Fig. 1 (a) The electron transfer processes in TiO₂ functionalised with a molecular catalyst for H₂ production after UV-light excitation. The solid black and dashed red arrows indicate the charge separation and recombination, respectively. The molecular structures of the catalysts for H₂ reduction are shown in (b) for Co1, (c) for Co2, and (d) for Co3 (the charges have been omitted for clarity). The blue arrows indicate the distance between the anchoring groups and the catalyst metal centre (r, A), as determined by the energy minimised DFT calculations.
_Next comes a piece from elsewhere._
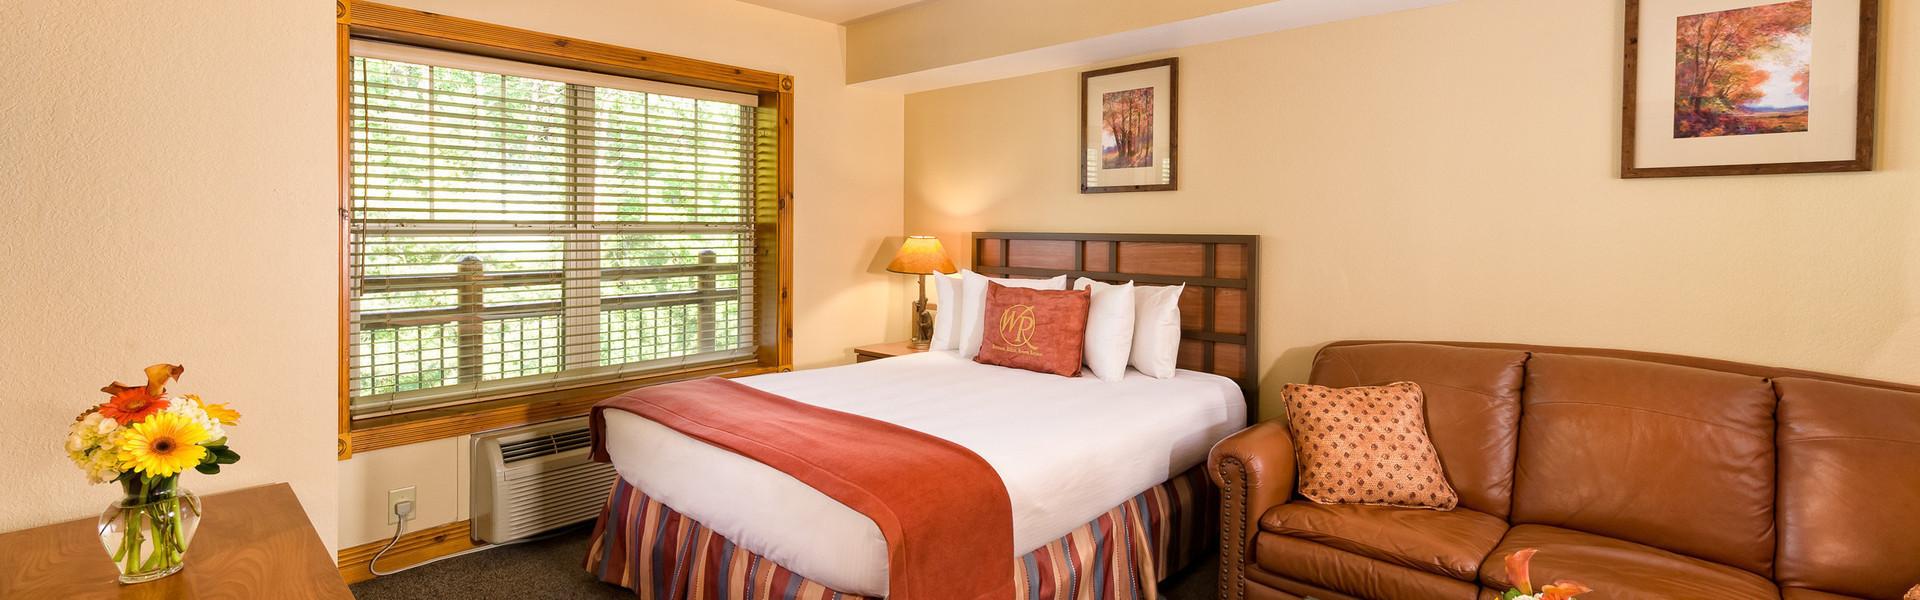 Studio Villas at Our Gatlinburg Resort near the Smoky Mountains | Spacious Living

Reprinted with permission of ref. 64. Copyright 2014 Royal Society of Chemistry.

In the case of TiO₂, the phase of the photocatalyst is a key factor for its photocatalytic activity. For example, although the rutile phase exhibits a narrower band gap (approx. 3.0 eV) than the anatase phase (approx. 3.2 eV),^75–77 anatase is generally considered to exhibit superior photocatalytic activity due to its larger surface area and thus higher activity.⁷⁸ The third metastable phase is brookite that has also been reported to exhibit photocatalytic activity,^79,80 and mixtures of anatase, rutile, and brookite have been reported to exhibit significant photocatalytic activity.^81,82 However, this phase is of lesser interest due to the complexity of its synthesis. The doping of TiO₂ can provide several outcomes: formation of new valence states in TiO₂,^83–86 creation of charge carrier trapping sites,^87–90 band gap reduction,^91–93 control of phase transformation behavior,^94–97 and surface enhancement.^96,98 The effects of dopants on the anatase to rutile phase transformation have been comprehensively reviewed elsewhere.⁹⁹ The phase transformation mainly occurs due to the atomic rearrangement involved in the transformation, which is often a result of an increase in the density of the anion vacancies. This may occur when cationic dopants of low valence substitute Ti in the anatase lattice.^79,99,100 Hanaor et al.¹⁰⁰ performed DFT calculations for the relative stability of anatase and rutile polymorphs of TiO₂. The rutile phase exhibited a stability of 3 meV as compared to the anatase phase in pristine TiO₂. The authors also demonstrated the doping of TiO₂ with Si, Al, Fe, and F atoms and found that the anatase phase stabilized the rutile phase in the dopant order F > Si > Fe > Al obtained via comparison of ΔF (a-TiO₂:F) with ΔF (r-TiO₂:F), which provided their formation energies as 84.78, 32.43, 18.46, and 17.68 meV, respectively. As the authors considered only flourine anion dopant in their study, the inhibition of rutile formation via F doping was supported by previously reported experimental results.^101,102 A schematic of the interstitial and substitutional dopant positions in anatase and rutile TiO₂ is shown in Fig. 2(a) and (b).¹⁰⁰

Fig. 2 A schematic of the interstitial and substitutional dopant positions in (a) anatase and (b) rutile TiO₂ with the arrows showing the cation-dopant to oxygen distances. Reprinted with permission of ref. 100. Copyright 2012 Springer-Verlag Berlin Heidelberg.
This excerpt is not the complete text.